Task statement
Your copy must hold all of the data below, unchanged and without images.

Given data
○ ○ ○ ○ ○

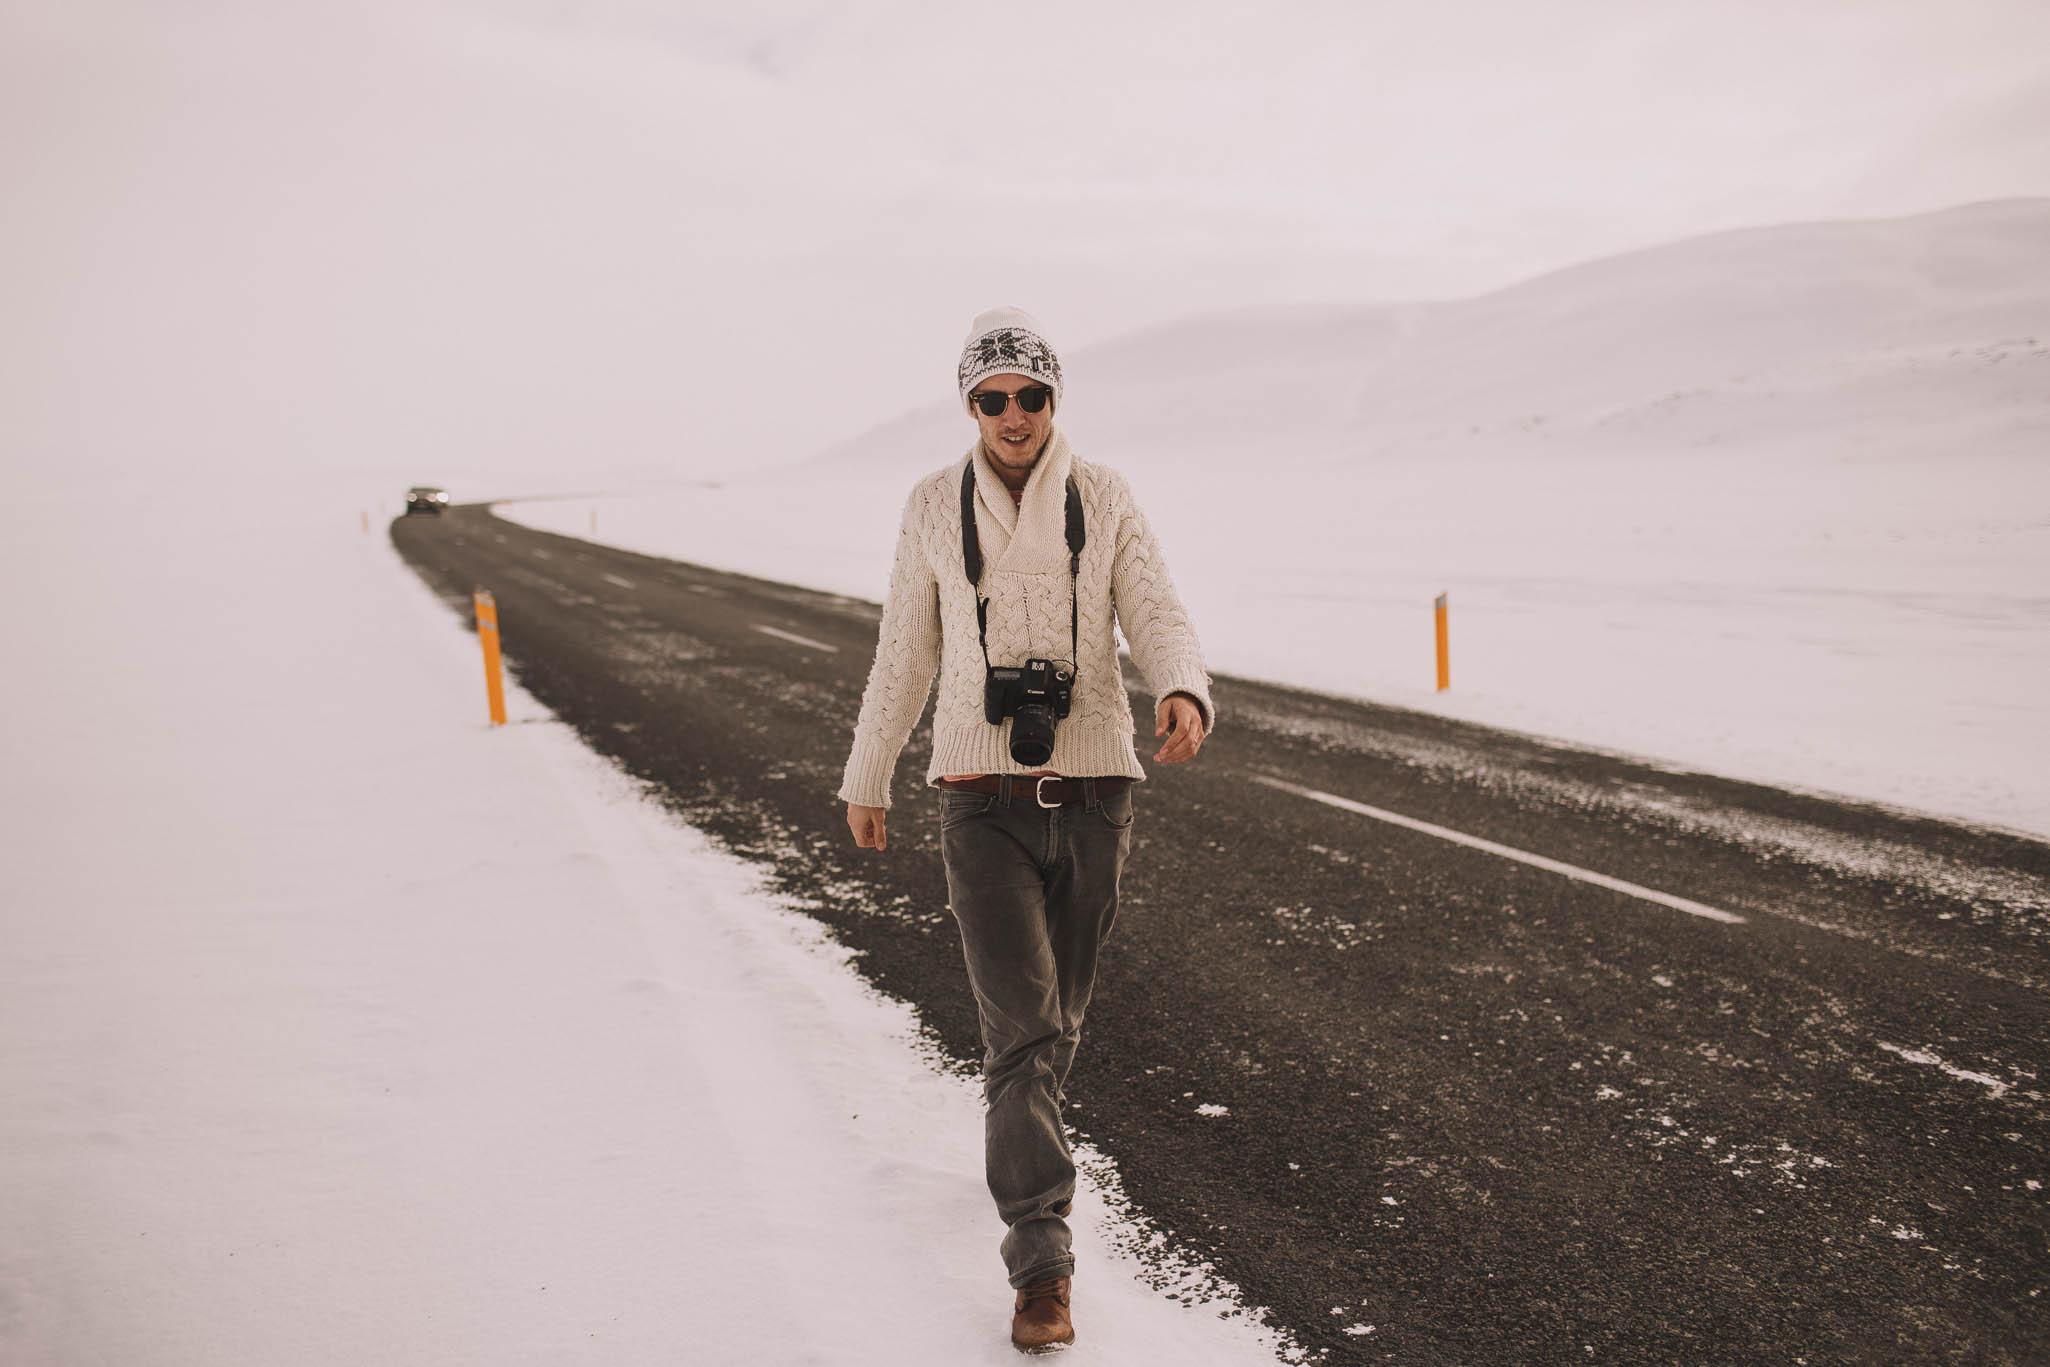 Road-trip-Islande-Iceland-Voyage-Travel-Portrait-Jérémy-Boyer-Hverir-Steam-mountains-montagnes-vapeur-6.jpg
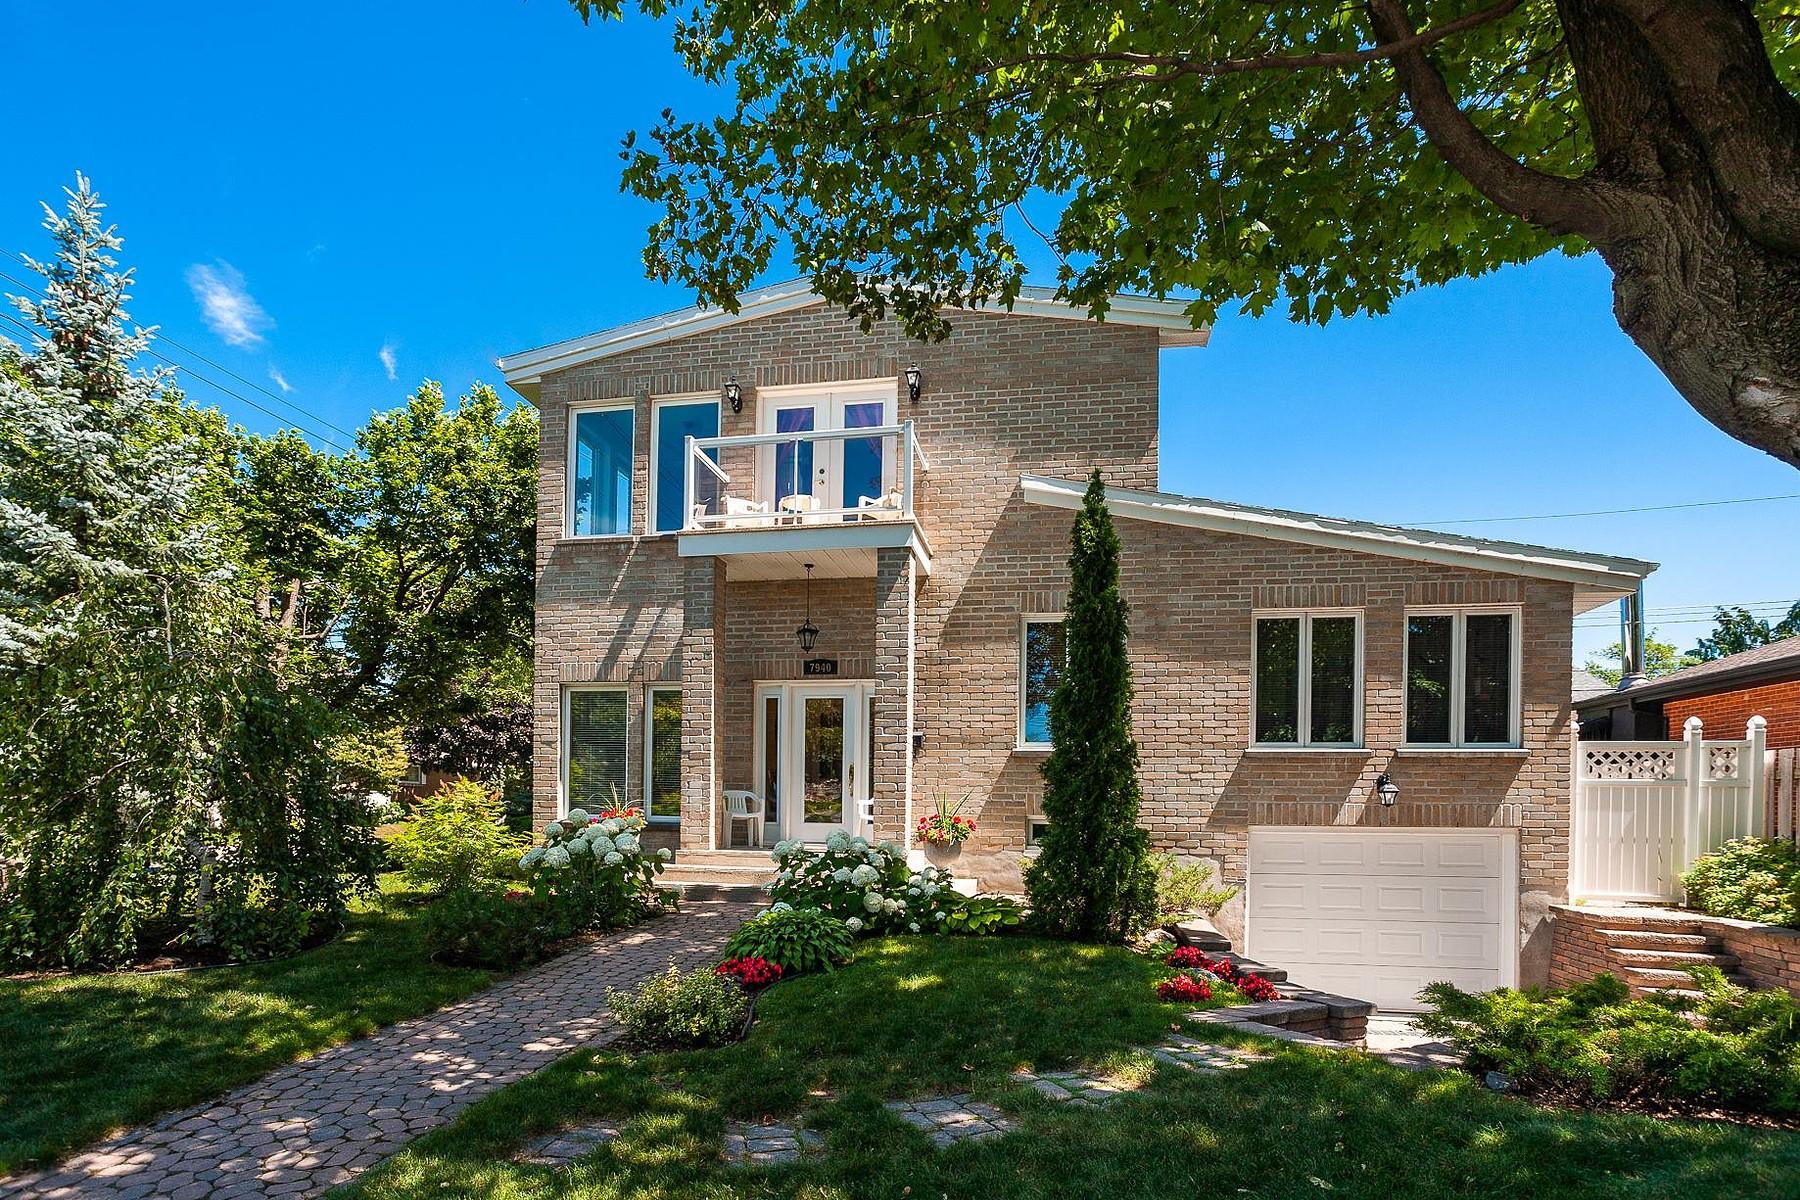 Single Family Homes for Sale at Anjou, Montréal 7940 Av. des Vendéens Anjou, Quebec H1K1S8 Canada
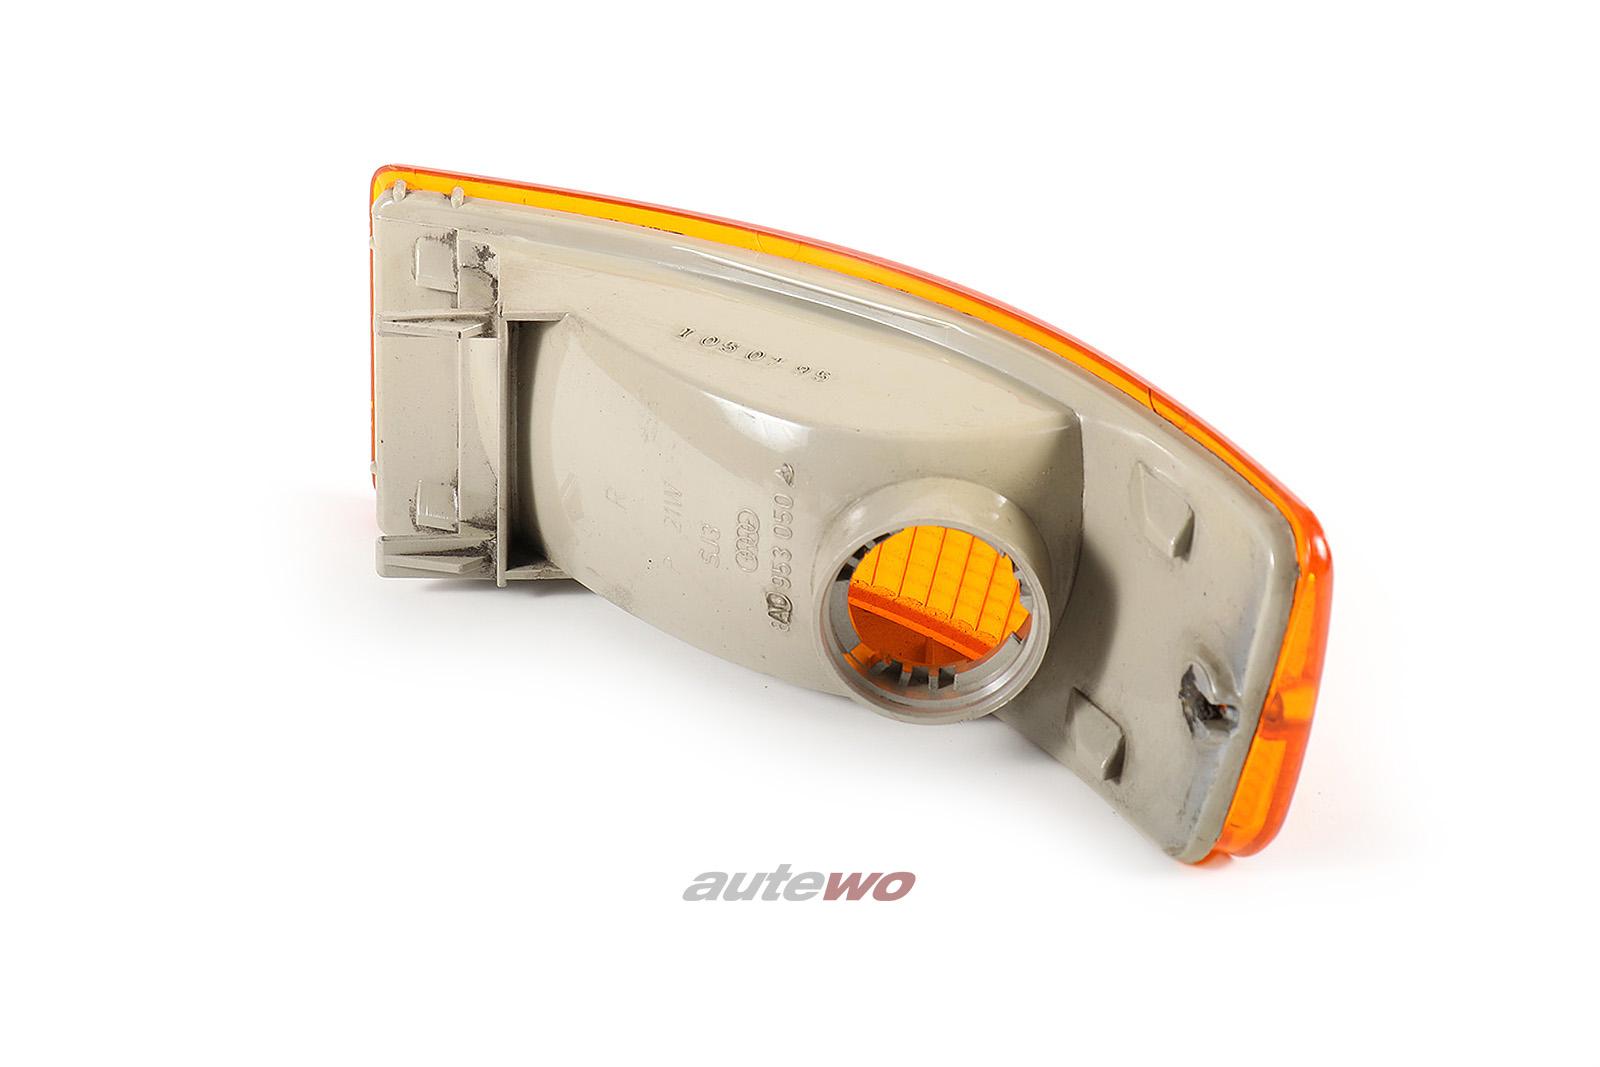 8A0953050A Audi 80 B4/Coupe/Cabrio Typ 89/S2 Blinker Vorne Rechts orange
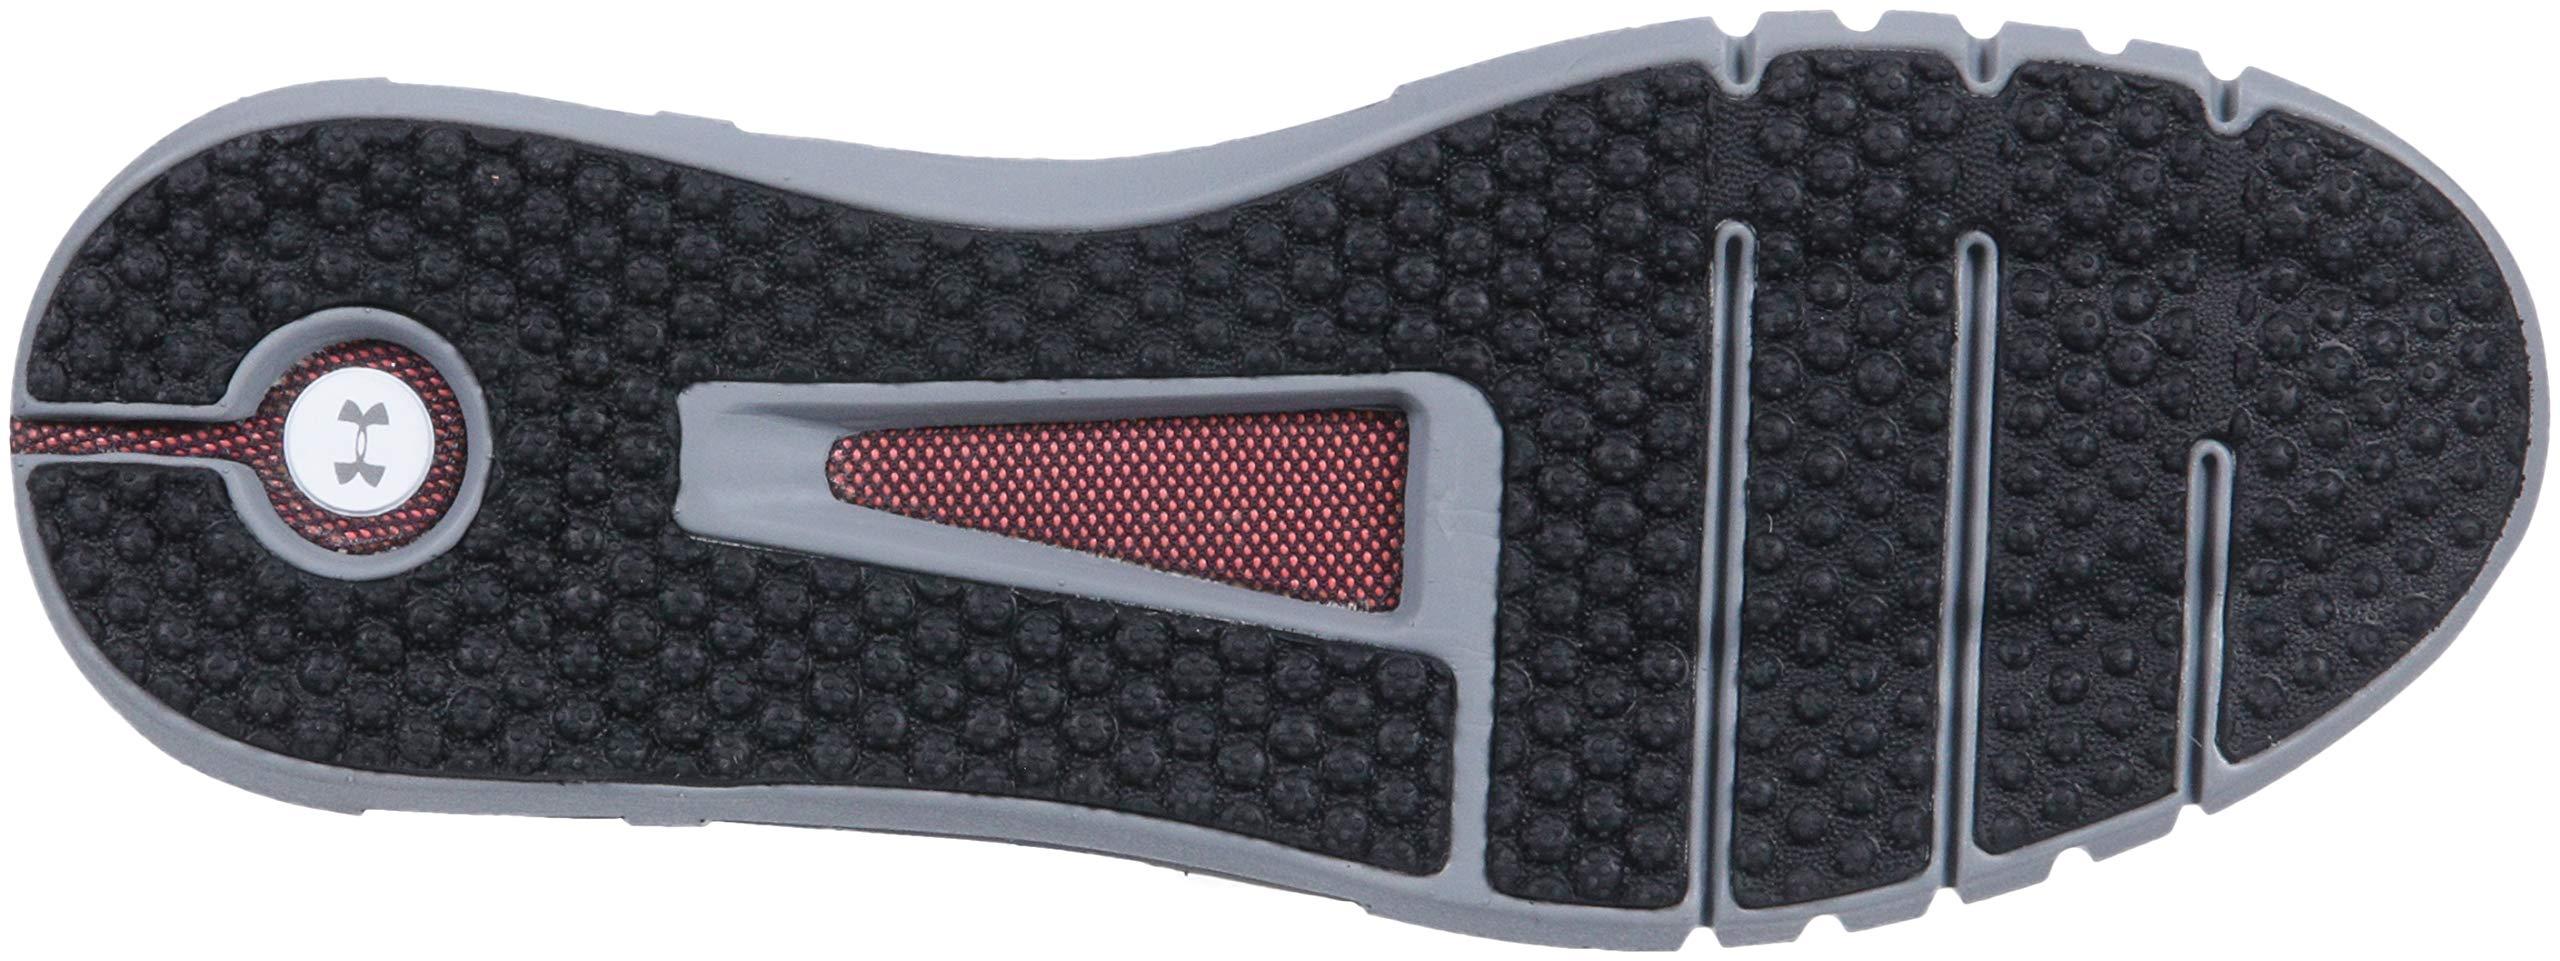 adidas Men's Questar BYD Running Shoe Black/Grey, 6.5 M US by adidas (Image #3)

○ ○ ○ ○ ○

Written solution
 Road-trip-Islande-Iceland-Voyage-Travel-Portrait-Jérémy-Boyer-Hverir-Steam-mountains-montagnes-vapeur-6.jpg
 Single Family Homes for Sale at Anjou, Montréal 7940 Av. des Vendéens Anjou, Quebec H1K1S8 Canada
 8A0953050A Audi 80 B4/Coupe/Cabrio Typ 89/S2 Blinker Vorne Rechts orange
 adidas Men's Questar BYD Running Shoe Black/Grey, 6.5 M US by adidas (Image #3)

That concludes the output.